Equiparado ao rol de crimes hediondos, a definição do crime de tortura possui suma importância no ordenamento jurídico brasileiro, constituindo legislação própria com especial tratamento aos delitos que afrontam a incolumidade física e mental do indivíduo e sua dignidade humana. Desta forma, há de se fazer um trabalho árduo em sua interpretação para poder transpor sua aplicação ao caso concreto.

Em uma breve síntese jurídica, percebe-se que o supracitado crime não é imune a falhas legislativas, não sendo abrangente o suficiente, nem mesmo para aplicações corriqueiras. 

Há de se analisar em que contexto histórico o crime de tortura foi legislado no Direito Brasileiro, assim como devem ser verificados os elementos subjetivos que são abrangidos pelo citado delito.

Entender o momento histórico e o aspecto teleológico utilizado pelo legislador é importante para compreender a tipificação do delito. Conhecendo os problemas sociais à época da elaboração de determinada lei, passa-se a uma análise crítica, sendo mencionadas e dissecadas as supostas falhas estabelecidas na legislação do Crime de Tortura.
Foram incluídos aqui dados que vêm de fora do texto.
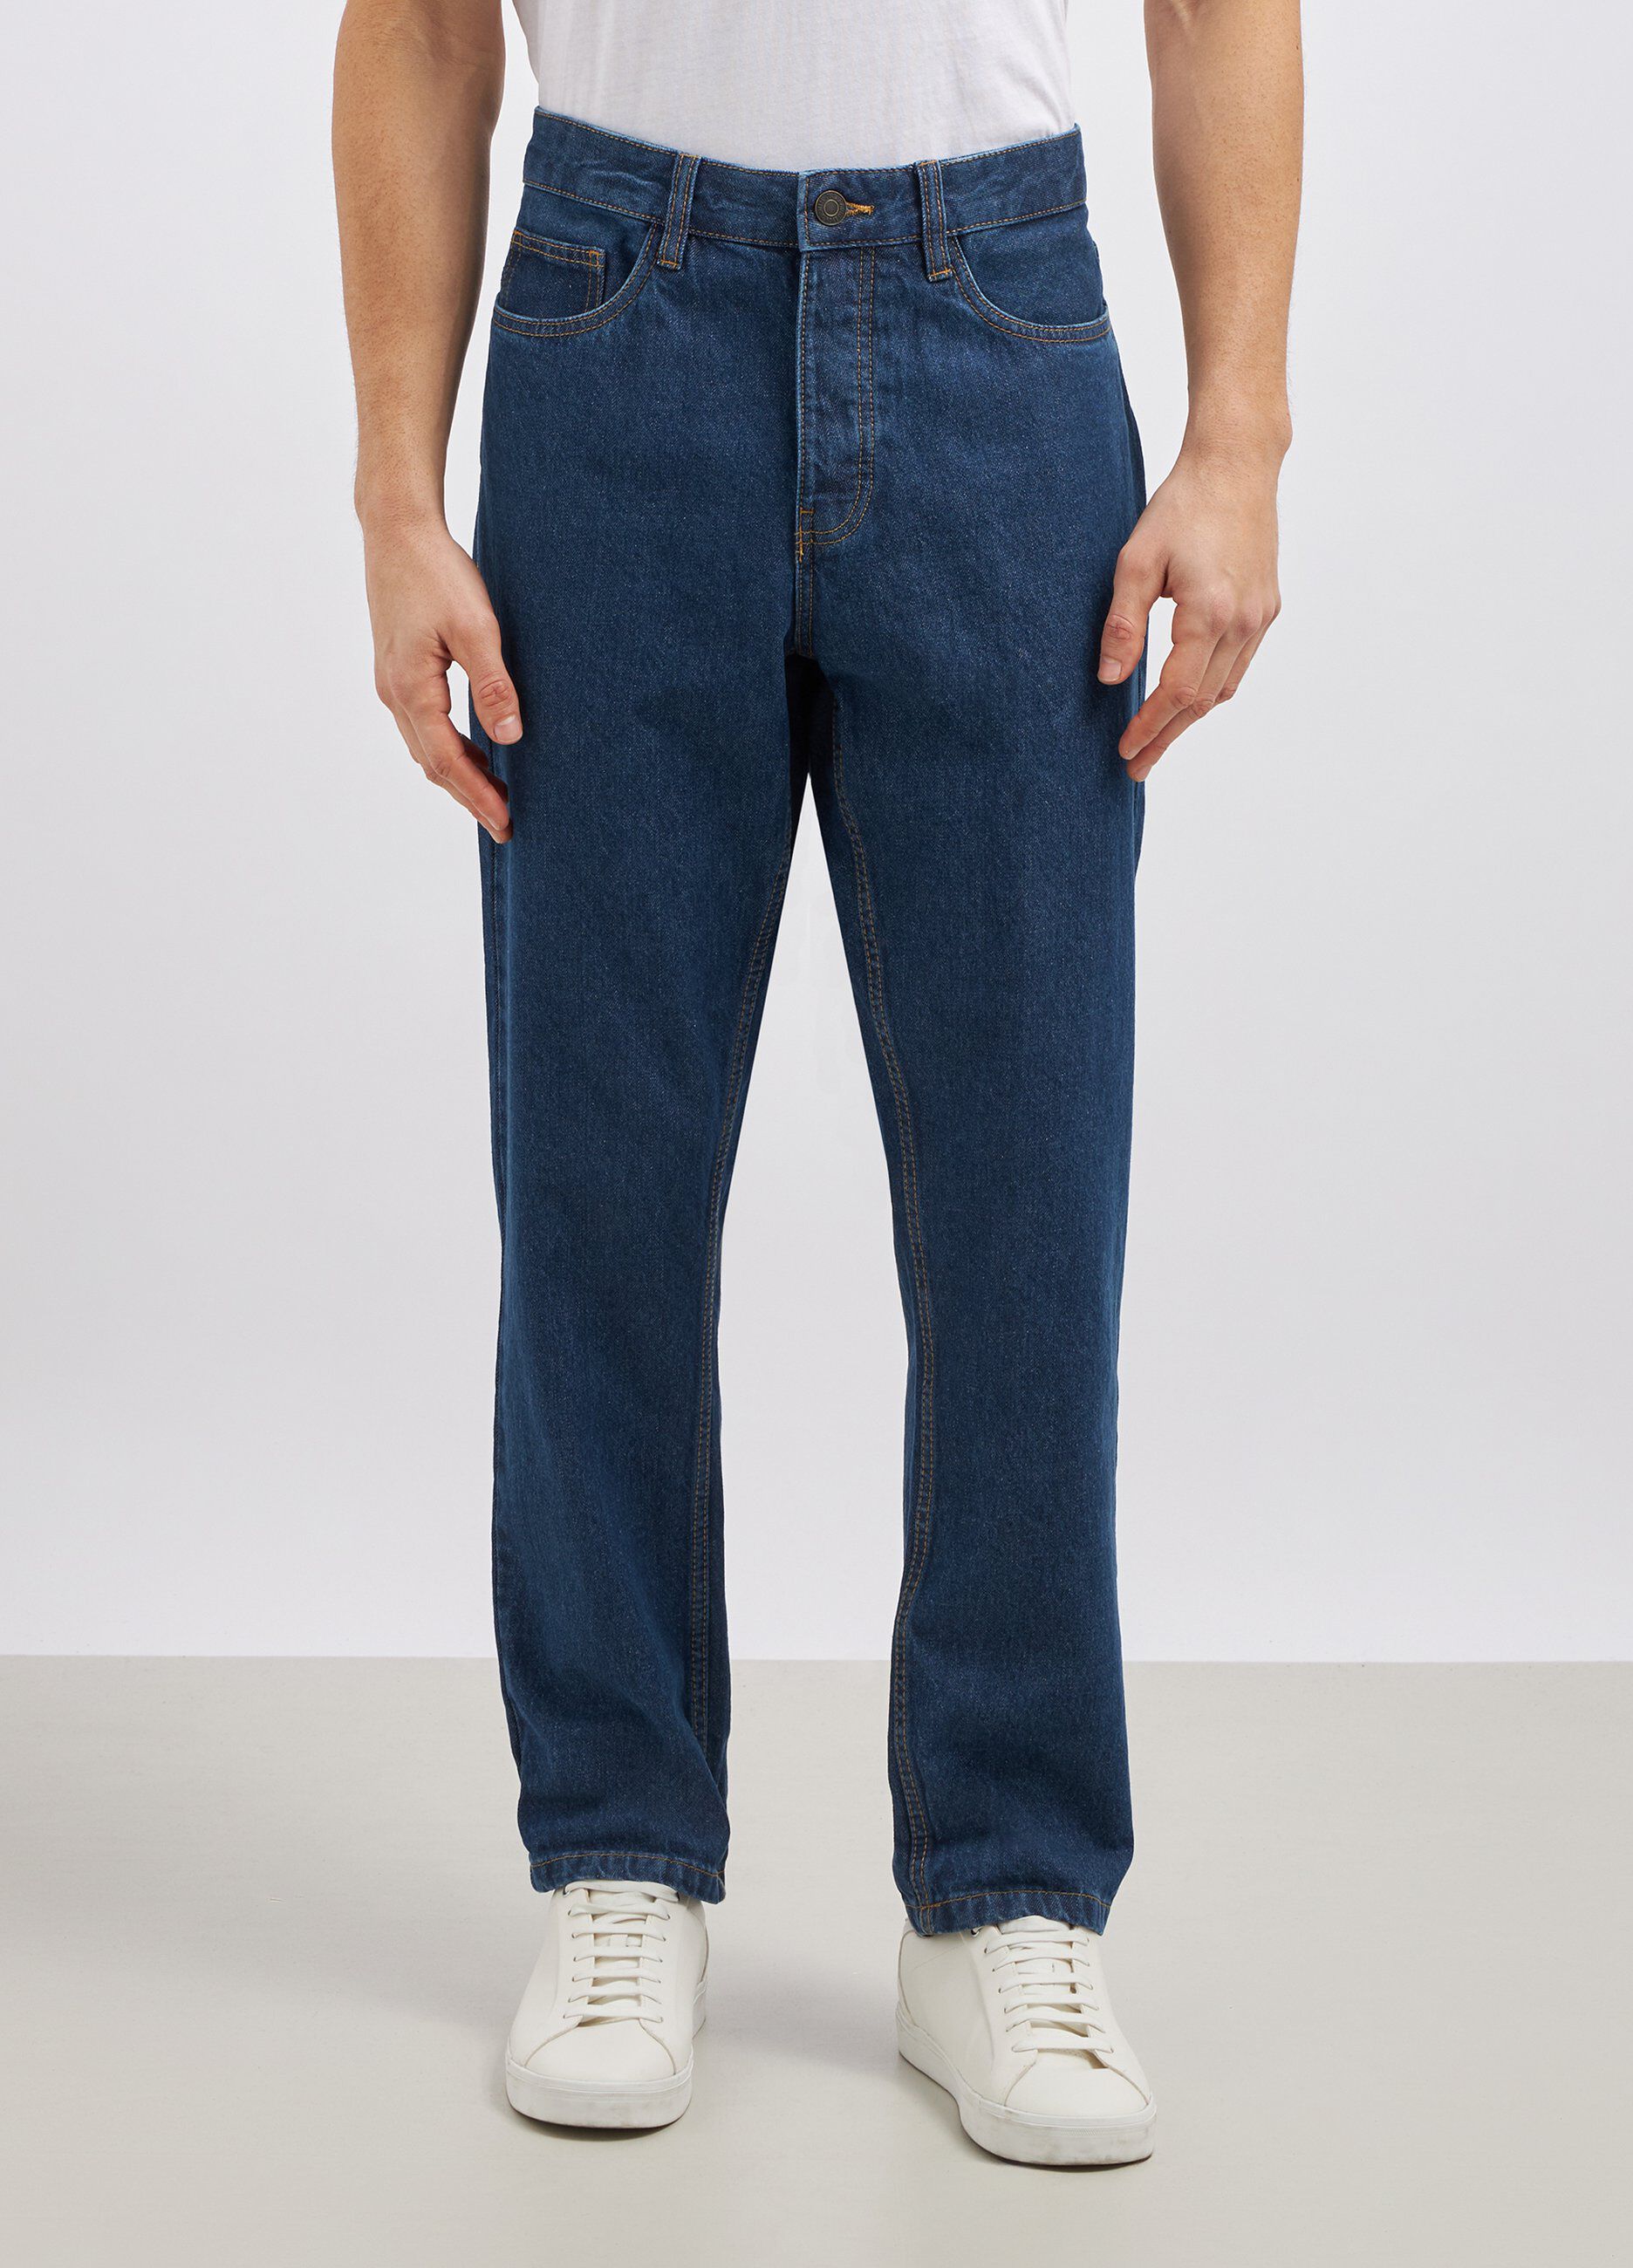 Jeans straight in puro cotone uomo_1
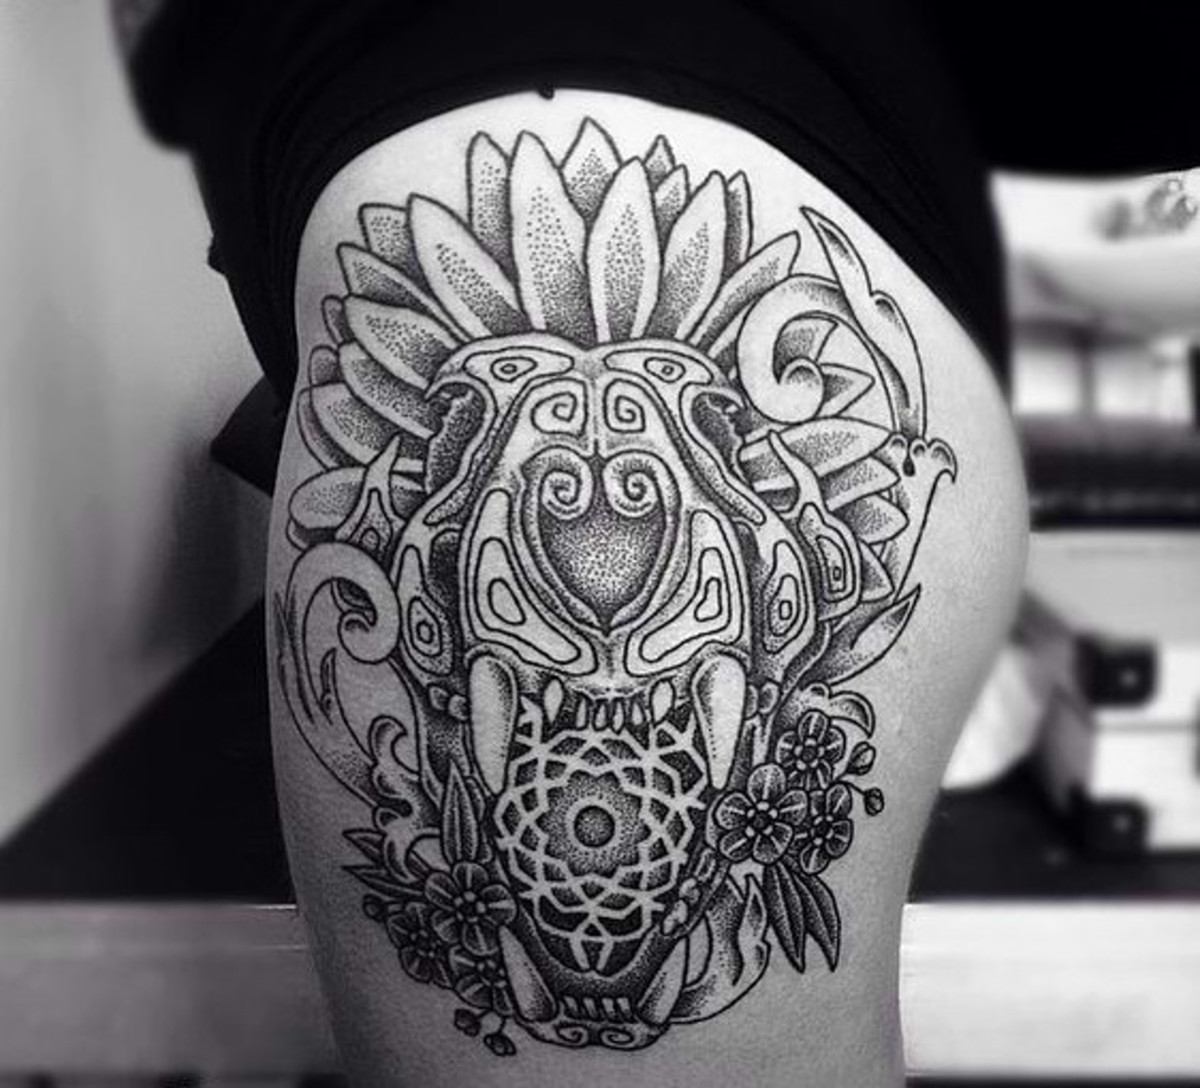 Lion tattoo idea | Lion tattoo, Lion forearm tattoos, Lion tattoo design

Data vênia, a opinião de renomados legisladores merece uma reavaliação, não podendo ser aceitas como a única vertente de pensamento e assim tomadas como verdade absoluta. Afinal, nosso Estado Democrático de Direito nos dá ampla margem de questionamento e reflexo sobre as mais diversas situações, sejam elas oriundas da ciência criminal ou de outras áreas do direito.


2 O CRIME DE TORTURA NO CENÁRIO INTERNACIONAL

No início do que seria a sociedade moderna, a tortura era empregada como um meio para obtenção de prova daqueles que eram considerados criminosos, encontrando seu auge no período da Idade Média, sendo sua prática resguardada e permitida pela Igreja e pelo Direito Canônico, inserida pela via da Bula Ad Extirpanda, do Papa Inocêncio IV (BIERRENBACH; LIMA, 2006).

A ideia de tal atrocidade deu início ao que conhecemos como Sistema Processual Penal Inquisitório. Na essência do Sistema Inquisitório, o acusado era conceituado como mero objeto do processo. Não era visto como uma pessoa detentora de direitos e garantias, não lhe sendo assegurados os princípios do contraditório e da ampla defesa. Como consequência, tal concepção jurídica (se é que assim podemos chamar) justificava o emprego da tortura para obter a confissão do réu (RANGEL, 2016).  

Em um período posterior, a Segunda Grande Guerra, ou Segunda Guerra Mundial, que foi iniciada em 1939 e concluída em meados de 1945, tornou-se conhecida pela grande violência desenfreada e exterminações em massa, nas quais a tortura sempre esteve presente.

Diversas barbáries foram cometidas (em sua grande parte pelos comandados de Hitler contra as minorias perseguidas), nas quais estão incluídos homicídios de crianças e mulheres, roubos, estupros, experimentos forçados, assim como também a já mencionada prática da tortura, utilizada em soldados e civis com o objetivo de obter informações ou redenção de regimentos. Confirmando suas repercussões negativas, cita-se o grande número de mortos, que ultrapassa a marca dos 20 milhões inicialmente divulgados (MAGNOLI, 2009).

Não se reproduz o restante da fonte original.